Isolation of cobalt single atoms on hollow B, N co-doped defective carbon nanotubes for hydrogen peroxide production and tandem reagent-free electro-Fenton oxidation

Single-atom catalysts (SACs) have been at the leading edge of catalytic research, but are still challenging to choose appropriate substrates and single-atom configurations with desirable activity and selectivity. Herein, we propose a nanotube reactor strategy with Co-SACs confined into B,N co-doped defective carbon nanotubes (Co-B, N-CNTs) via a spatial isolation and dopant anchoring strategy. The Co-B,N-CNTs exhibited excellent activity and selectivity for H2O2 production via a two-electron oxygen reduction reaction (ORR) pathway with a high yield of 1508 mmol L-1 gcat  1 in HClO4. The excellent electrocatalytic performance of Co-B,N-CNTs was mainly due to the uniformly dispersed Co-SACs with defect-rich active sites, appropriate regulated electronic structure with different electronegative atoms' modification and favorable 3D hollow nanotube structure.

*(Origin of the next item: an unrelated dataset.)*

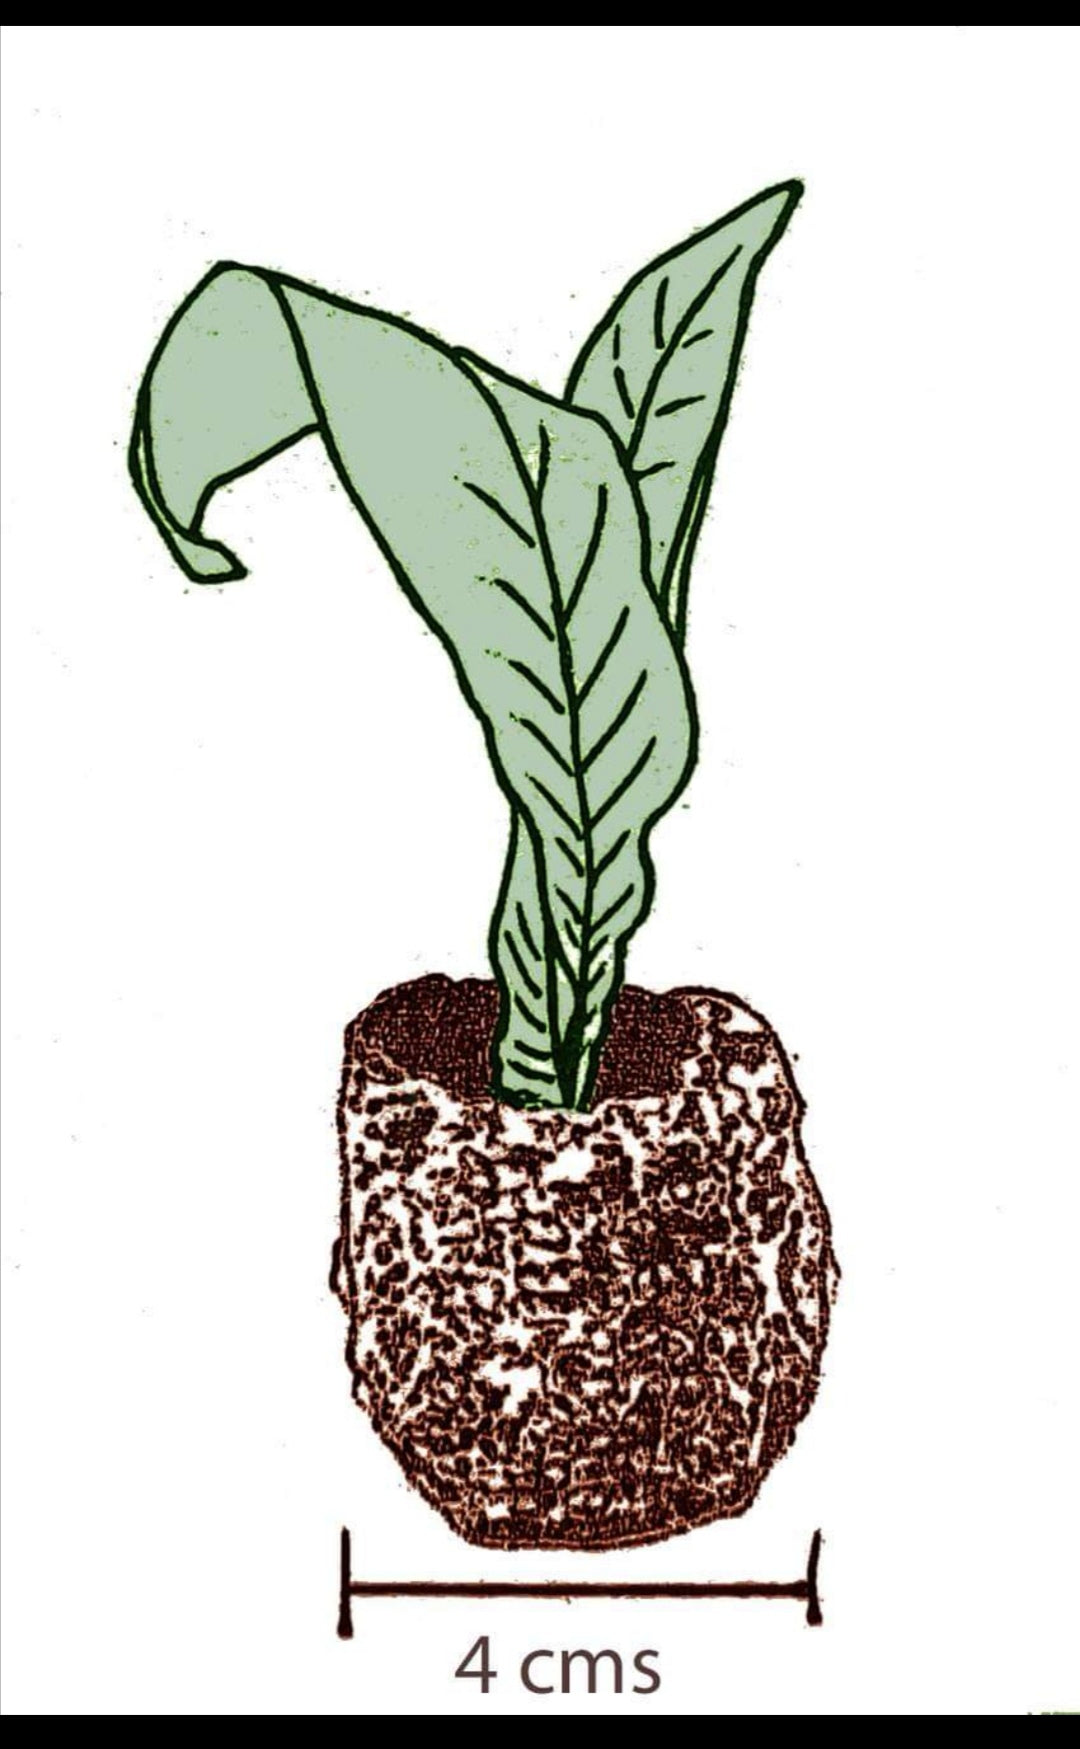 Streptocarpus Alana

Moreover, the on-situ H2O2 generation remarkably accelerated various organic pollutants degradation and Cr (IV) detoxification via a reagent-free double-cathode electro-Fenton process. This work sheds light on the design of multi-functional catalysts for the sustainable production of valuable chemicals and the innovation of new-generation wastewater treatment technology.

Automated summary

Single-atom catalysts (SACs) are challenging to choose the right substrates and configurations. This study introduces a nanotube reactor strategy to confine Co-SACs in B,N co-doped defective carbon nanotubes (Co-B,N-CNTs) through spatial isolation and dopant anchoring. The Co-B,N-CNTs demonstrated excellent activity and selectivity for H2O2 production via a two-electron oxygen reduction reaction (ORR) pathway, with a high yield of 1508 mmol L-1 gcat-1 in HClO4. The outstanding electrocatalytic performance of Co-B,N-CNTs is attributed to the uniformly dispersed Co-SACs, defect-rich active sites, regulated electronic structure, and favorable 3D hollow nanotube structure. Furthermore, the in-situ generation of H2O2 significantly accelerated the degradation of organic pollutants and Cr (IV) detoxification through a reagent-free double-cathode electro-Fenton process. This work provides insights into the design of multi-functional catalysts for sustainable chemical production and innovative wastewater treatment technology.